To be able to say that I did my best I need to actually do something. However doing something can look different based on how I and my husband are feeling on a particular day. It may mean I am very busy with chores or I may choose self-care in the form of light duties. Whatever it is, it must always be done with positive intention. I am thankful that most of the time I have the opportunity to decide whether to face my day with a smile or a frown. It is always about the mindset I choose to have and I want it to be positive and productive.

Being a CarePartner is a difficult job as I watch my husband’s struggles and wish I could do more to help. I am thankful that he is willing to share his journey with me and will accept my help, I hope we have many more years together. I am thankful for our home even though it means more work for me as I try to keep up with the daily chores. I am thankful for the many friends I have who are facing similar struggles and for their understanding as we all keep on each and every day. I am thankful for family who love us and support us as they can. I am especially thankful for the fact that the last words I hear before I fall asleep at night are “I love you”. That is my true reward.

Our Parkinson’s Support Network is full of wonderful and interesting people which reminds me that PD is a non-discriminatory disease. It hits everyone and anyone it chooses.

I was at our monthly CarePartner get-together this past week when our conversation turned away from Parkinson’s and to a more controversial topic. It was an interesting discussion because even though our group is relatively small, we had 8 at the table, different viewpoints were represented. The thing I was most reminded of was that this disease can hit anyone at any time. It is thought of as a disease of the elderly, but that is not true. It strikes men more than women, but it appears that statistic is changing. It is now reported that approximately 40% of those diagnosed are women, 20% are under the age of 50.
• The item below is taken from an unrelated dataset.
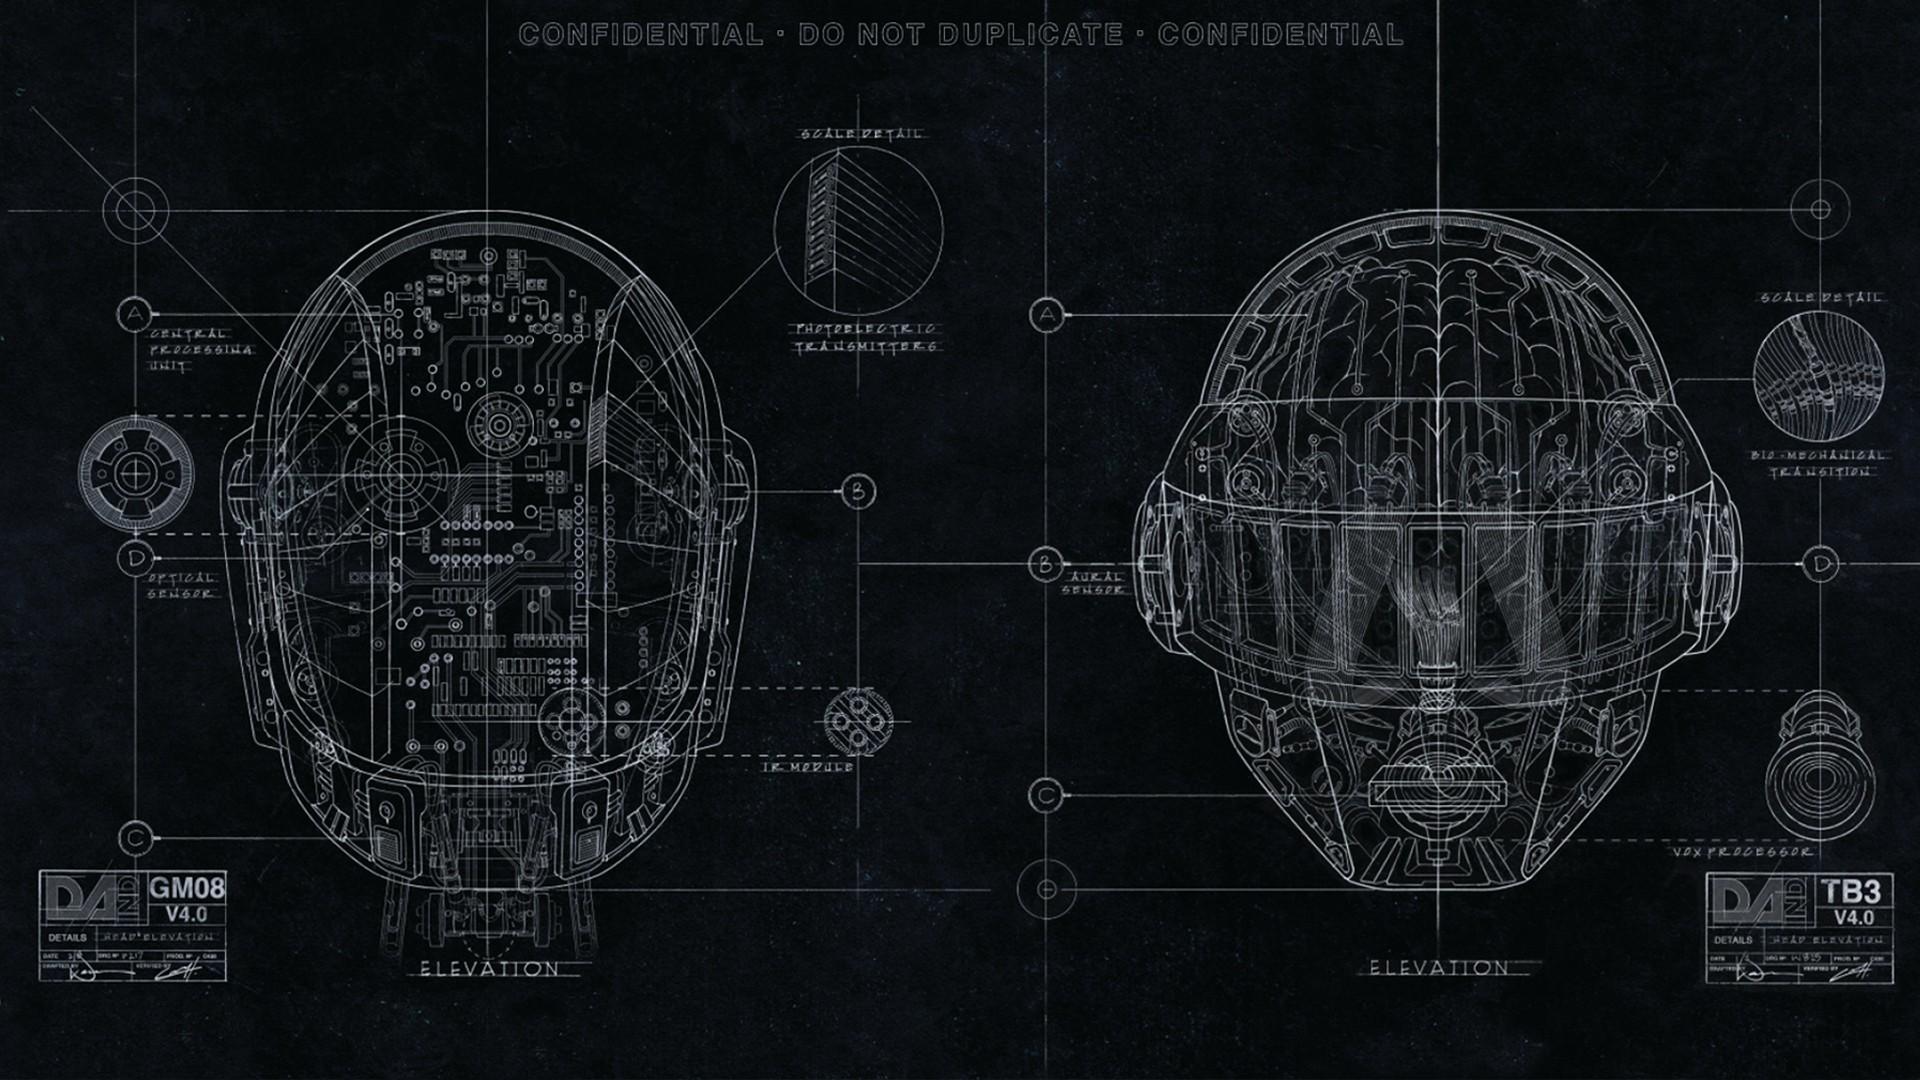 Daft Punk Backgrounds (69+ images)

There are over 10 million people worldwide diagnosed with this disease. PD crosses all races, genders, ethnicities, socio-economic groups, religions and political affiliations. When I add in family members who serve as CarePartners, it would be ridiculous to assume that we all share the same ideologies. Which is why I shouldn’t be surprised to learn that even in our small group there are disagreements about politics and social issues, yet we all stand together to support one another in this battle.
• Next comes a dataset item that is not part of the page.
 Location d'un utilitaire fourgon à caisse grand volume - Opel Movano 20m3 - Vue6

Our backgrounds have been very different but our paths have crossed now thanks to someone we love being diagnosed with Parkinson’s Disease. I don’t know why we are here, but you should know that even though I may not vote for the same politician or share your personal beliefs, just as you may not like some of the things I say or do, I will always be here to support you in whatever way I can in your personal journey as a CarePartner.

The statistics I mention come from an article I found on the PD Avengers website. It can be found here Not your Grandfather’s Parkinson’s Disease by Rebecca Miller – VISIBLE Magazine.